This report is devoted to the quantitative analysis of the dependence of miles per gallon (MPG) attribute on other variables from collection of cars dataset mtcars presented in 1974 US magazine Motor Trend. The question to be addressed here is an automatic or manual transmission better for MPG.
By using multivariate linear regression and hypothesis testing variables having significant impact on MPG are established. Built regression model is further validated by ANOVA and residuals are analyzed.
The data mtcars to be analyzed is originated from the 1974 Motor Trend magazine. It contains an information about 32 cars (number of observations) and their 11 variables as follows: miles/(US) per gallon (mpg), number of cylinders (cyl), dispacement (cu. in.) (disp), gross horsepower (hp), rear axle ratio (drat), weight (1000 lbs) (wt), quarter mile time (qsec), engine type (V 0=vs or straight 1=vs engine) (vs), transmission (0 = automatic, 1 = manual) (am), number of forward gears (gear), number of carburetors (carb).

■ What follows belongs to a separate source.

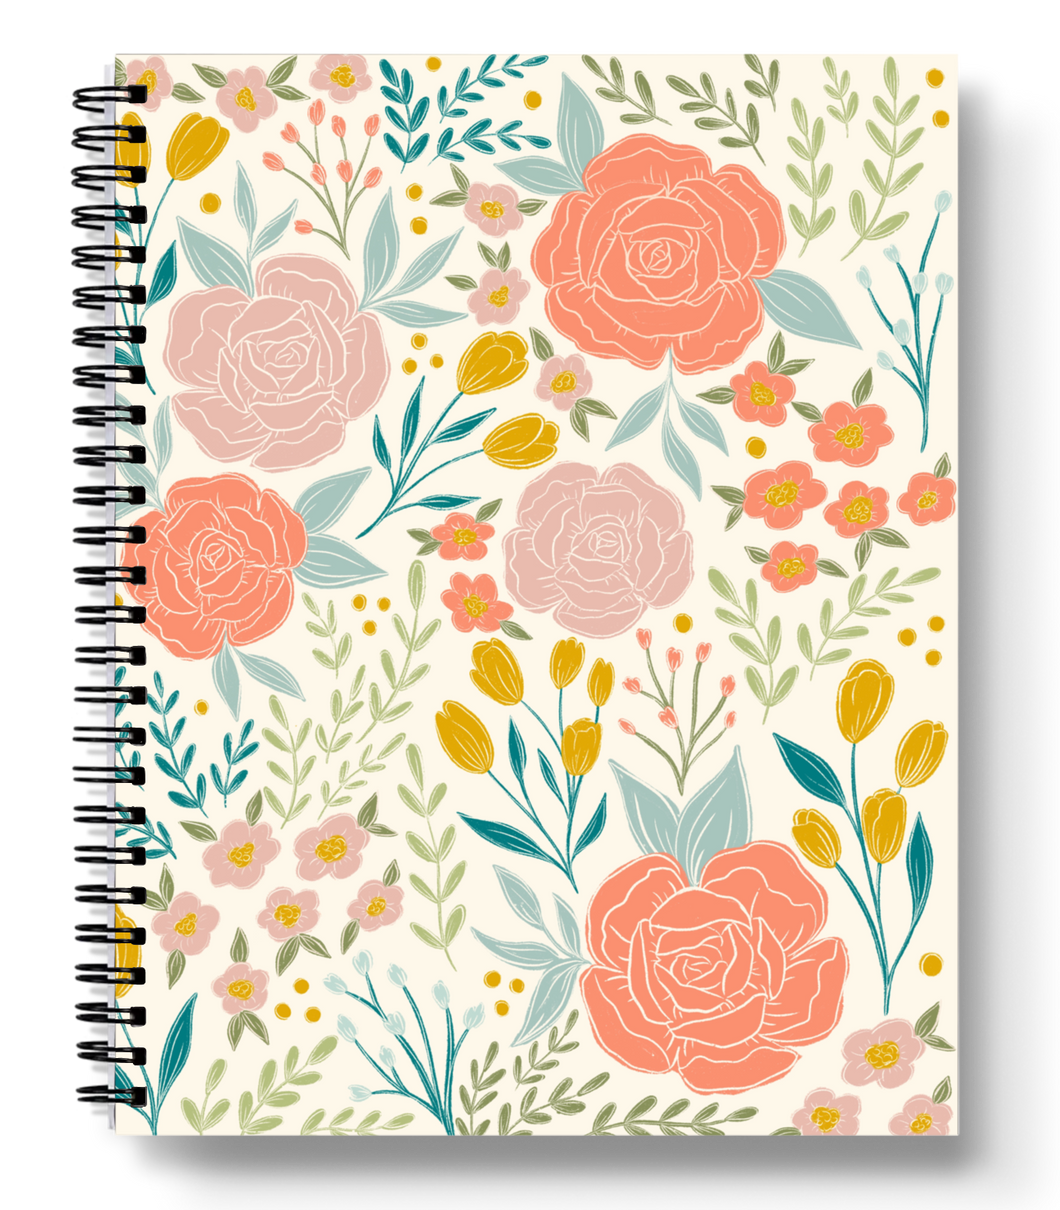 Peonies and Tulips Spiral Lined Notebook

Now let us take a look at the data derived from mtcars dataset by subsetting it and sorting cars by mpg in descending order. As we can see from first 7 cars with best MPG only one car Merc 240D has automatic transmission (am=0) (see Table 1).
require(pacman); p_load(pander,knitr); attach(mtcars)
cars_by_mpg <- mtcars[order(-mpg),] # sort by mpg
pander(head(cars_by_mpg, 7), caption = "A table of the first 7 cars with best MPG.")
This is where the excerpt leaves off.